美国SEC主席Paul Atkins首场加密货币主题演讲释放了多项关键信号

SEC Chair Paul Atkins’ First Crypto-Focused Speech Sends Multiple Key Signals

BroadChainBroadChain05/13/2025
This content has been translated by AI
Summary

SEC Chair Paul Atkins’ inaugural crypto-themed speech signals a regulatory shift—from ‘enforcement-f

The inaugural speech by U.S. SEC Chair Paul Atkins on cryptocurrency sent several key signals, outlining a strategic shift and policy priorities for the agency's future approach to regulating crypto assets.

Here are the core takeaways from his address:

1. Regulatory Framework Shift: From “Enforcement-First” to “Rules-First”

Moving away from regulation by enforcement: Atkins explicitly criticized the previous approach of using lawsuits—like those against Coinbase and Ripple—to set policy. He emphasized that the SEC will now prioritize using its formal rulemaking authority, interpretive guidance, and exemption powers to establish clear, predictable standards for the market.

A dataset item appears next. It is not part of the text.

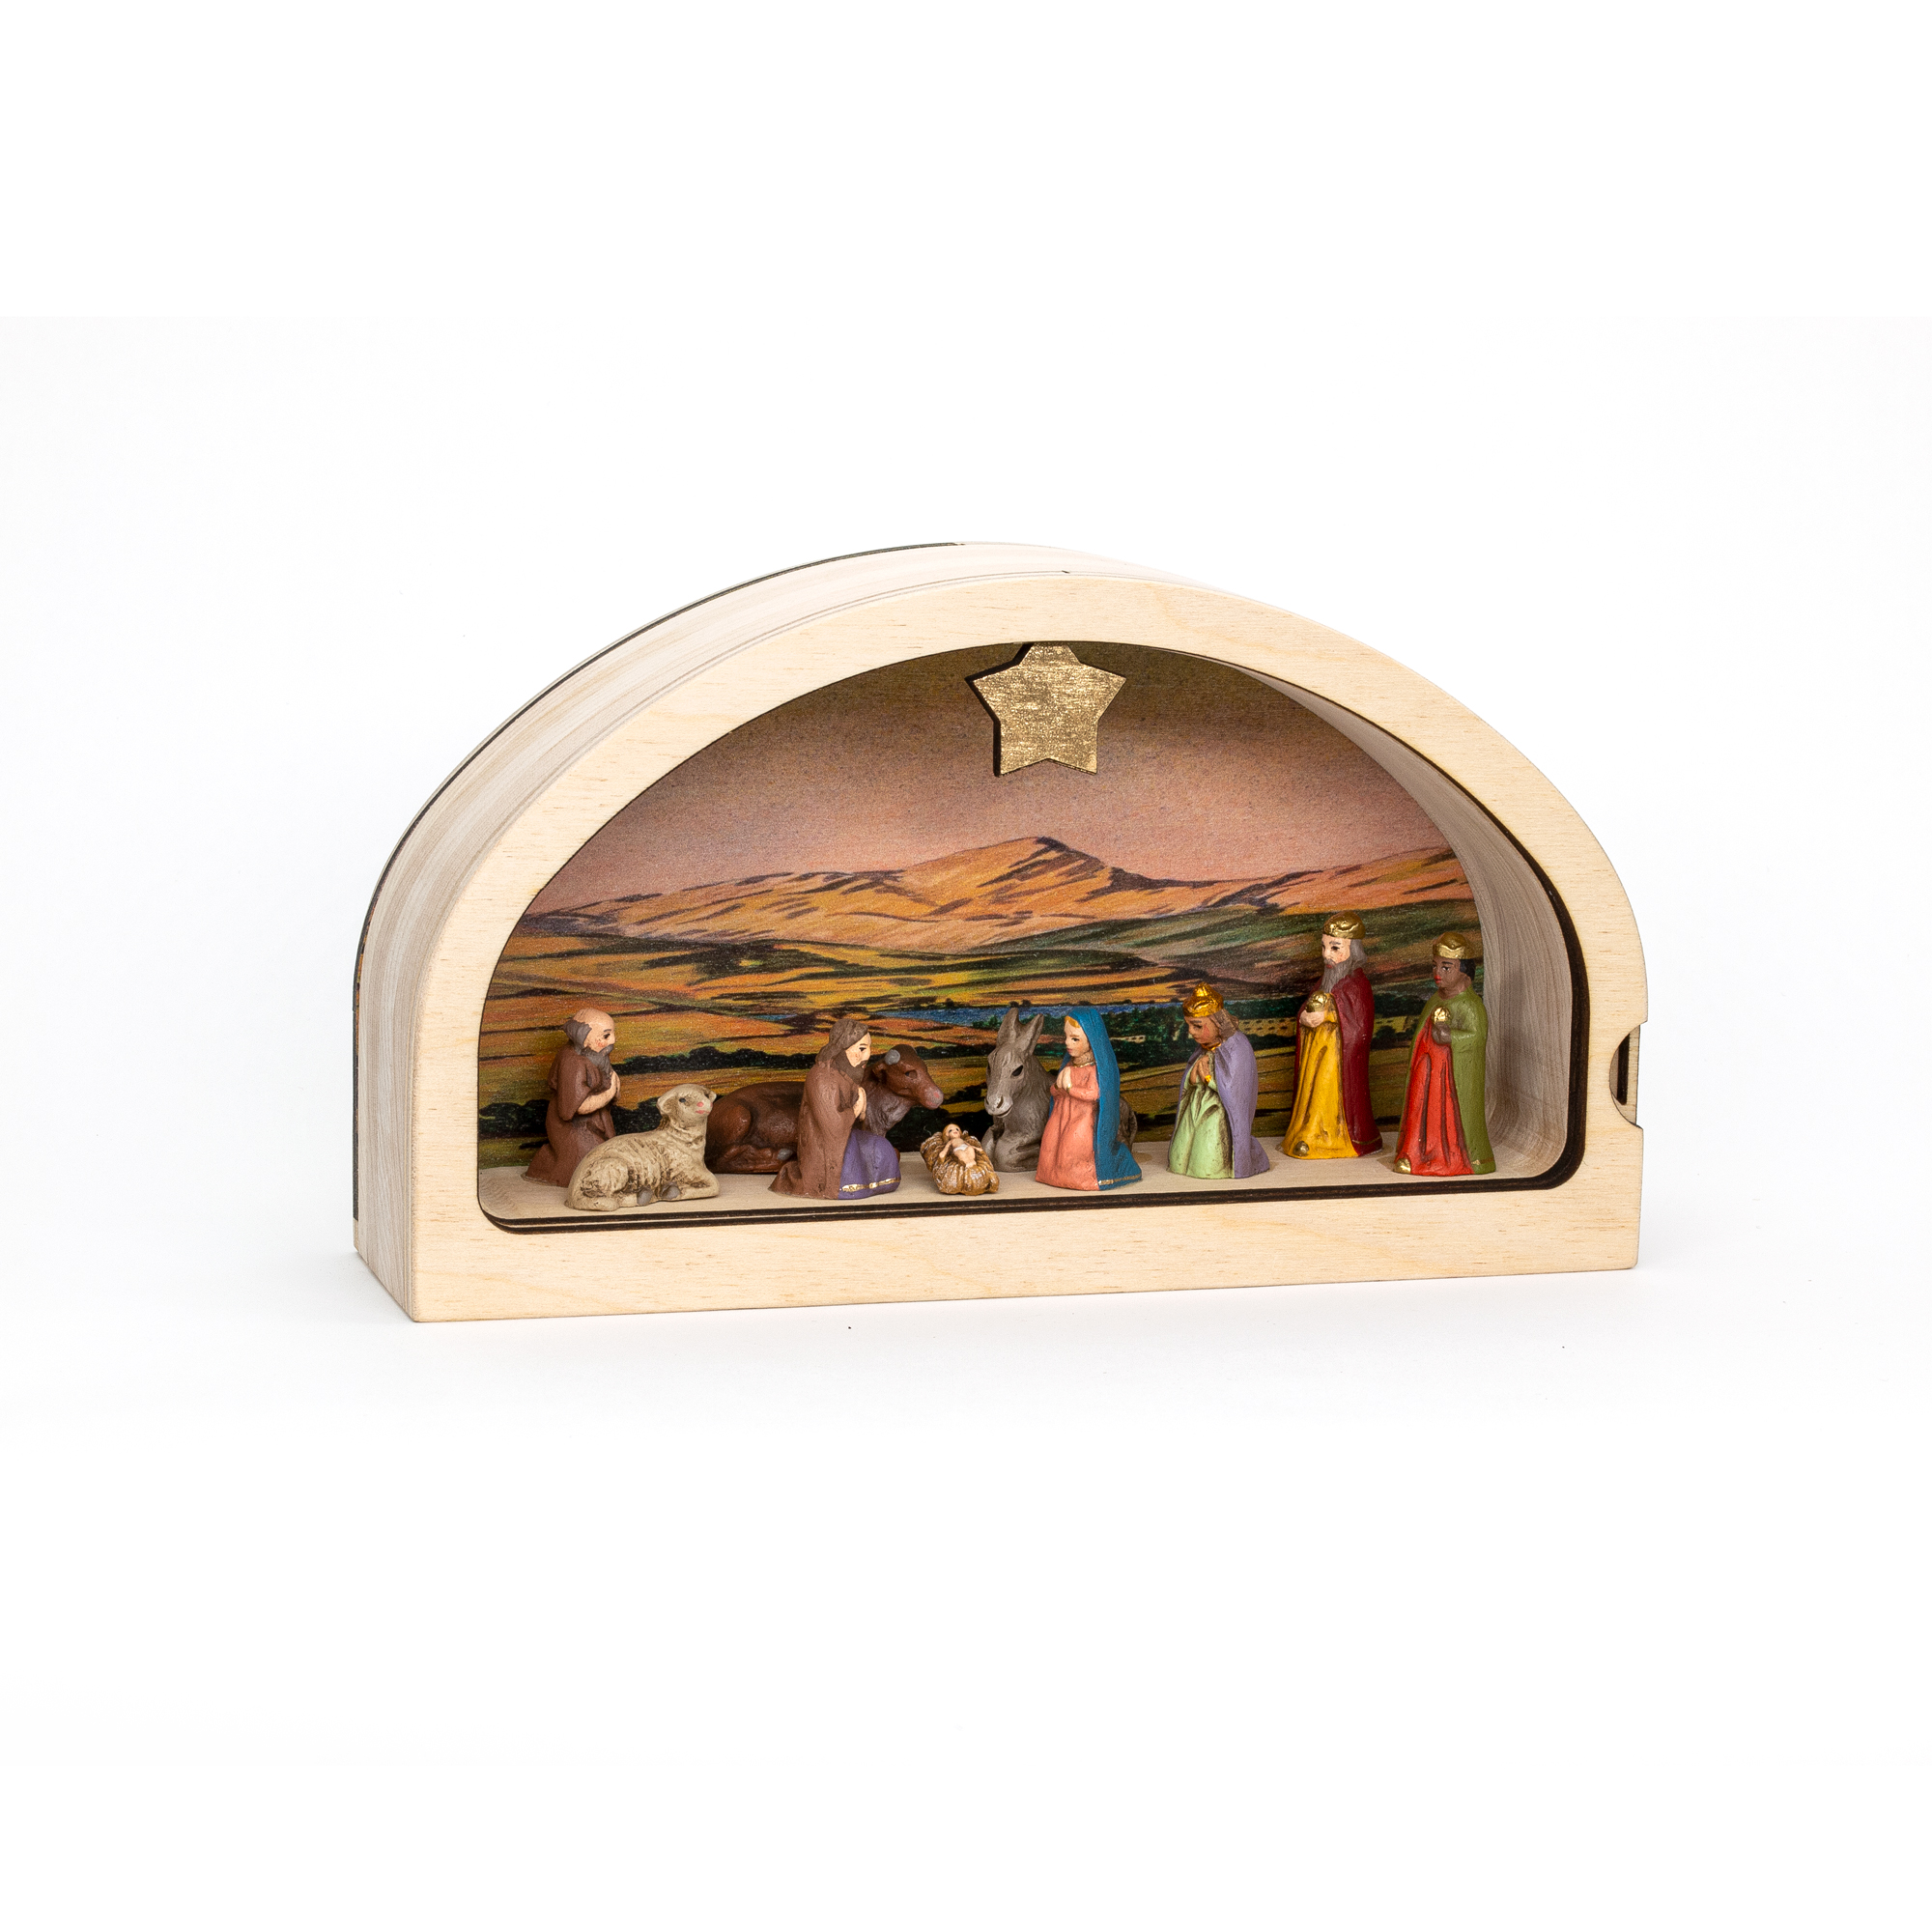 Miniature crib, nativity set, handmade in Germany

Adapting policy tools: The agency will focus on issuing guidance, granting exemptions, or amending existing rules—such as revising registration forms—to better accommodate the unique nature of crypto assets, rather than forcing them into outdated frameworks.

2. Three Core Regulatory Focus Areas

(1) Securities Issuance: Pushing for Adaptive Reform

Streamlining registration: Noting that current disclosure forms like Form S-1 are ill-suited for crypto, the SEC plans to adjust exemption rules—potentially expanding Regulation A—and may create dedicated issuance channels tailored for digital assets.

Clarifying what constitutes a security: The Commission pledged to provide further guidance on which crypto assets qualify as securities, reducing uncertainty for projects.

(2) Custodial Services: Deregulation to Spur Innovation

Repealing SAB 121: This controversial accounting bulletin forced institutions to hold customers' crypto on their balance sheets, stifling custody services. Its removal paves the way for more flexible custody solutions.

Embracing self-custody tech: The SEC intends to allow investment advisers and funds to use decentralized custody options, like multi-signature wallets, under certain conditions, acknowledging their potential security benefits.

Reforming the “Special Purpose Broker-Dealer” regime: The current, restrictive framework (with only two active entities) is set for revision, likely easing custody rules for non-security crypto assets.

(3) Trading Platforms: Expanding Product Offerings

Supporting the “super-app” model: Broker-dealers may be allowed to trade both securities and non-securities (like crypto-to-crypto pairs) on a single platform, enabling integrated financial services.

Exploring crypto listing rules: The SEC is assessing the feasibility of listing crypto assets on national securities exchanges, potentially building on lessons from the Bitcoin ETF approval process.

3. Technology Neutrality and Innovation-Friendliness

Drawing a parallel to the digital music revolution: Atkins compared tokenizing securities to the digitization of music, highlighting blockchain's potential to create novel financial instruments (like automated dividend smart contracts) and unlock liquidity for illiquid assets.

Avoiding a one-size-fits-all approach: The SEC acknowledged that existing securities rules may not translate well to on-chain environments, signaling a need for tailored adjustments to avoid hindering technological progress.

4. Interagency Collaboration and Policy Coordination

The role of the Crypto Asset Working Group: Co-led by Commissioners Mark Uyeda and Hester Peirce, this group aims to break down internal “policy silos” at the SEC and coordinate cross-agency efforts to speed up rule implementation.

Aligning with broader government goals: In line with the vision of making “America the crypto capital,” the SEC seeks legislative and administrative support to prevent innovation from moving offshore.

5. Investor Protection and Market Integrity

Fraud remains the top priority: Clear rules help investors identify scams; enforcement will focus on fraud and market manipulation, not on targeting the underlying technology.

Balancing innovation and risk: Exemption mechanisms will allow experimental business models, such as novel trading platforms, to operate within clear compliance boundaries.

Summary

A shift in regulatory tone: The move from a “hostile” to a more “collaborative” stance signals the SEC's potential entry into a pragmatic era of crypto governance.

Clarity on the horizon: A wave of guidance documents, exemption policies, and proposed rule amendments is expected within the next 6–12 months.

Boosting U.S. competitiveness: By easing constraints in issuance, custody, and trading, the U.S. aims to attract global crypto business back to its shores.

Potential Challenges

Jurisdictional limits: Some reforms require congressional action, such as clarifying the boundary between the SEC and CFTC. Political gridlock could slow progress.

The DeFi dilemma: Decentralized finance remains a largely unaddressed frontier; regulating anonymous protocols continues to pose a significant challenge.

This speech marks a pivotal shift in the SEC's stance—from “defensive regulation” to “adaptive regulation.” However, the pace and substance of actual policy implementation will depend on future developments.